Hide and DeepSeek
Image generated by Amazon Nova

Hide and DeepSeek

How quickly the world changes again! On my first week back from a 6 week summer sabbatical where my mind was mostly occupied with whether it was a beach or pool day, I return back to work in the midst of the DeepSeek frenzy.

DeepSeek, or more precisely the R1 model is of course latest large language model to be unleashed onto the world from a Chinese firm that appears to offer remarkable reasoning capabilities showing comparable results to OpenAI’s o1 models. Most of the public commentary over the past few weeks has swirled around the reported tiny $6M(USD) cost to train, the tech sell off on Wall Street, this being a “sputnik moment” for the US, and where the hell did the Chinese get all those GPU’s anyway where there is supposed to be an embargo? In this hot take, I’m going to cover none of that and instead offer some of my initial experience and what I learned playing with it, but more importantly offer my perspective on why this is yet another important moment in the development of this disruptive branch of Artificial Intelligence, and how it will most likely thrust us forward even faster.

Firstly. I’m going to come right out and say that the emergence of DeepSeek R1 is genuinely a great thing for everyone. Putting aside any nationalist or political interests, whether the cost to train it were in fact true, and the AI boogie man, the release of this very capable reasoning model introduces several new advances in large language models that everyone should understand. I’m going to attempt to break them down in some very specific areas and hopefully not get overly techy.?

How open is open?

Open source software has, by in large been good for users and companies. Its principles grounded in being not only freely available, but also freely distributable and modifiable has proven to significantly accelerate the development of features, integrations and overall capabilities of the tools we use in our society today. Think about all the things we wouldn’t have today if Liuns Torvalds has never open sourced the Linux Operating System?

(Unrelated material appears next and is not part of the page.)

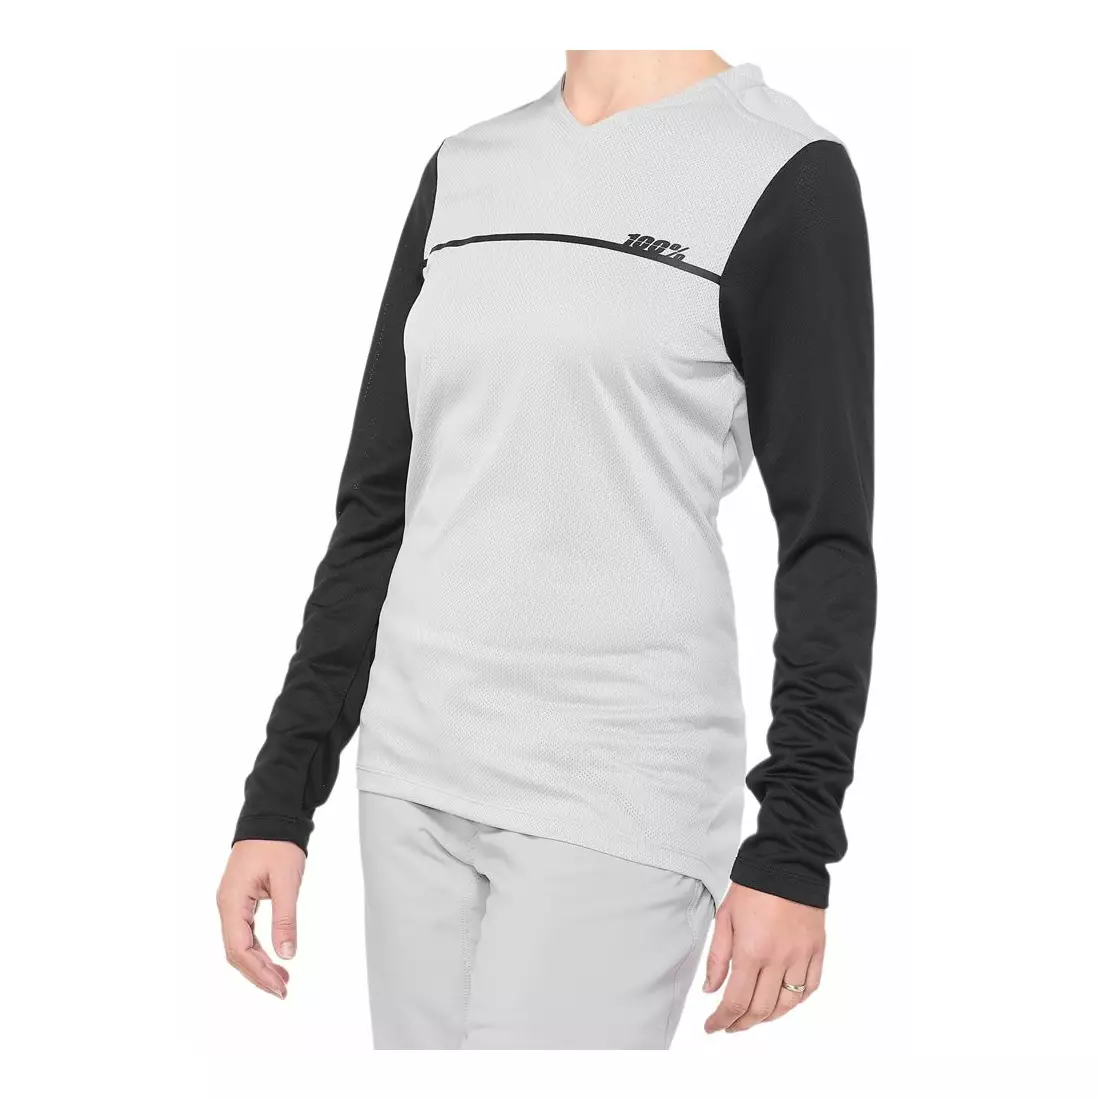 100% women's cycling jersey with long sleeves RIDECAMP grey black STO-44402-245-12

We are at the earliest phases of Generative AI technologies, and with LLM’s showing so much promise we must rapidly evolve in order for it to reach broadscale adoption. That means getting it into the hands in as many clever developers, scientists, engineers and builders so open source seems like a no brainer. Unfortunately, open source has been having a put of a “moment” with several high profile companies walking away from standard licenses and defining their own versions and muddying the waters. But in the world of AI, open source is much more nuanced. OpenAI, who as the name implies started out with noble intentions being “open” with their technology actually turned out to quite closed about almost everything. For this development to occur, and for trust to be gained, transparency is needed at every layer which means not just the source code of how it works, but the training data they used and weights applied. The recent announcement of the Open Weight Definition (OWD) is news that we are heading in this direction, but it ultimately comes down to the companies developing adopting these standards.

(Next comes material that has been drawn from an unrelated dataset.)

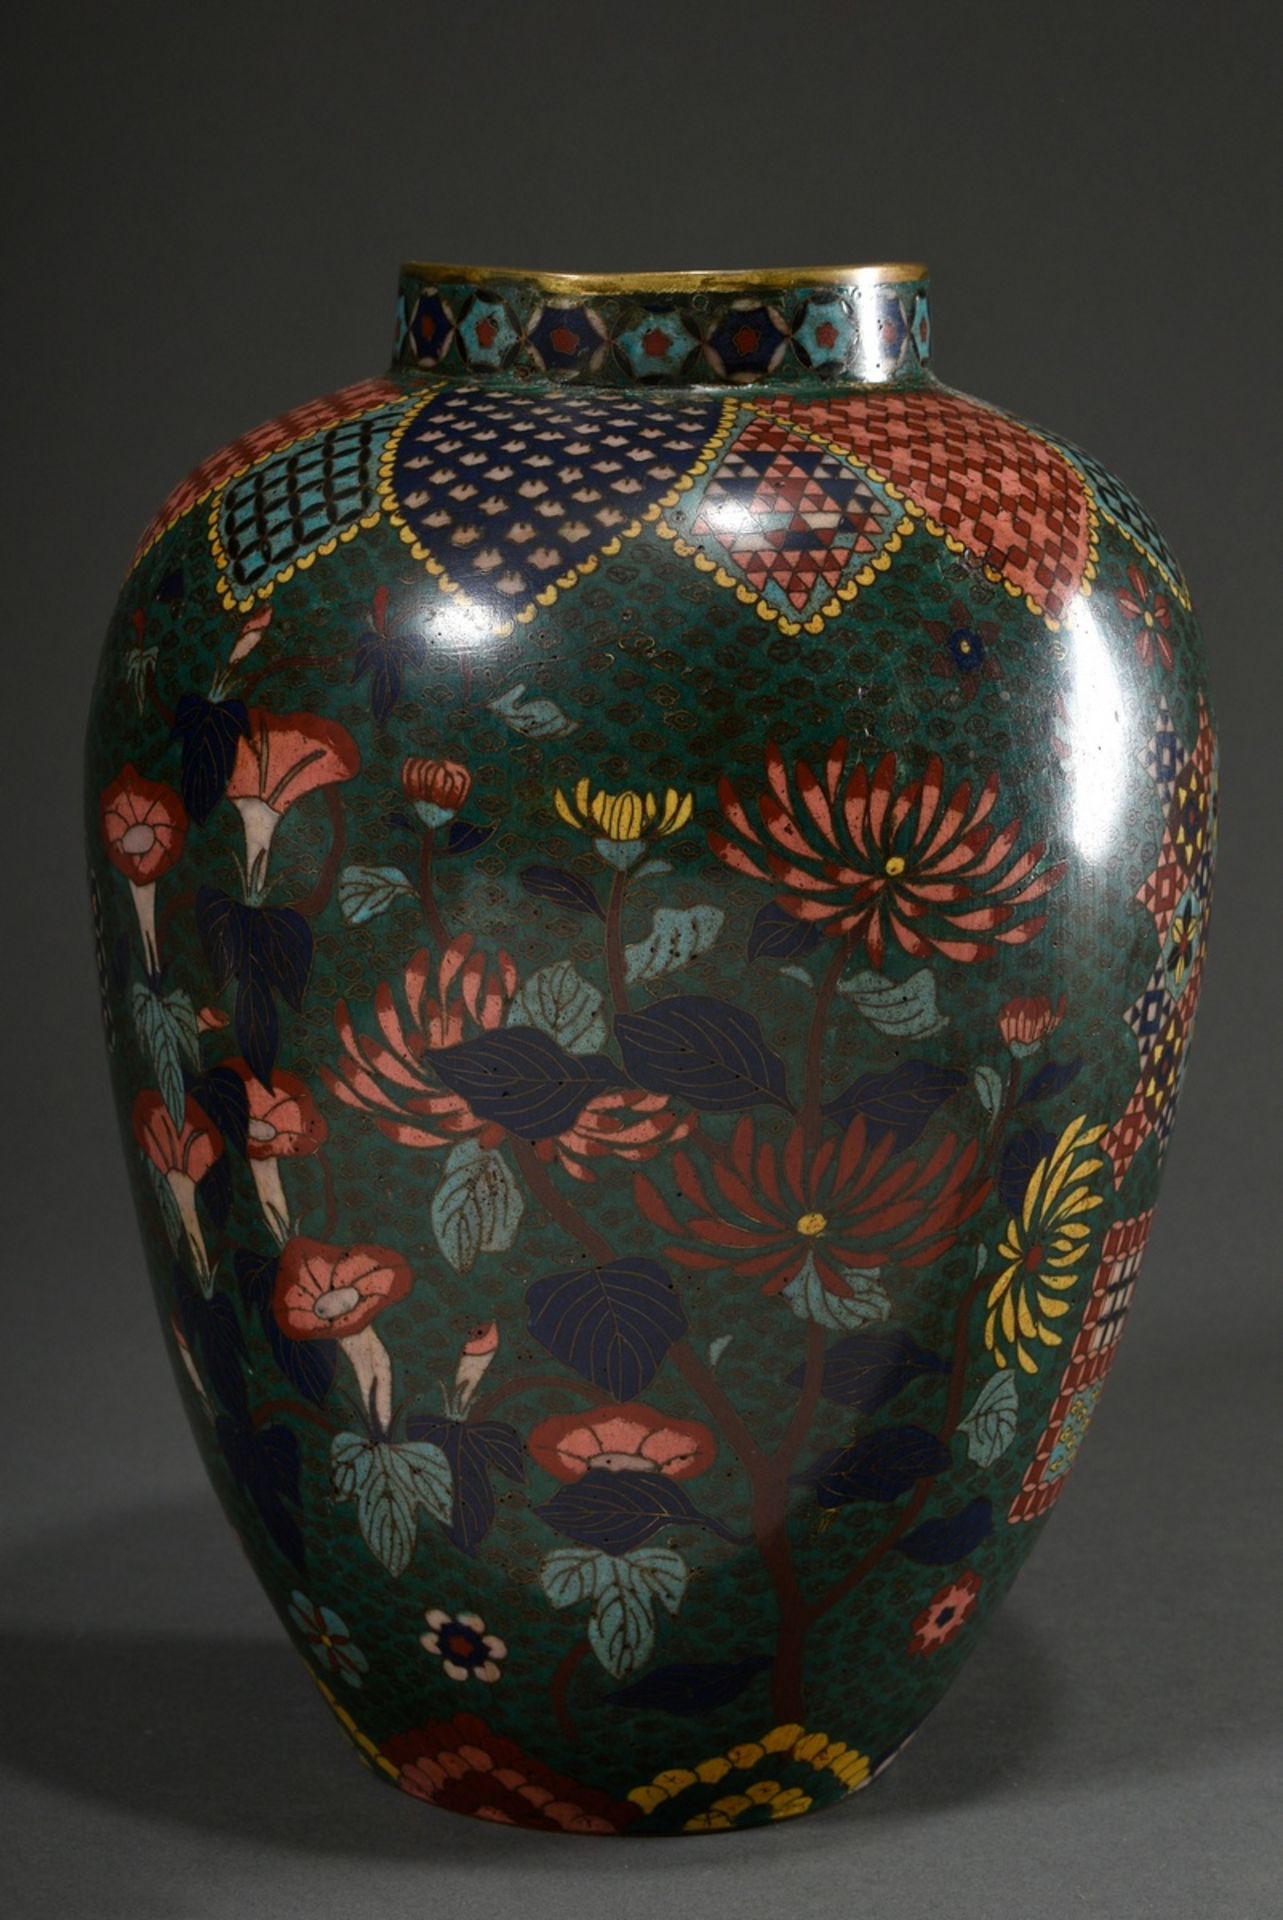 Large cloisonné shoulder vase with floral and geometric decoration in dark shades on a dark green b

Now with DeepSeek R1, they have taken a decisive step ahead of other model providers to open source the weights used for fine tuning and training code, although the underlying training data is still unavailable and largely unknown. While still not fully transparent, these assets together with R1’s whitepaper will give others the ability to inspect, learn, evolve and even adapt its efficiencies to other models. But let me be clear, its not “open source”, but it’s the most open we’ve seen yet and it will no doubt prompt other model creators to rethink their level of transparency.

A new approach to training

Most LLM’s available today from companies like OpenAI, Anthropic, Mistral, Cohere and others use a supervised training approach with instruction based fine-tuning, this means in order to get better results you need to increase the number of parameters (now in the tens of billions) which leads to more complex number crunching which ultimately translates to needing a lot more GPU horsepower to throw at it. This is what is making them so expensive to train.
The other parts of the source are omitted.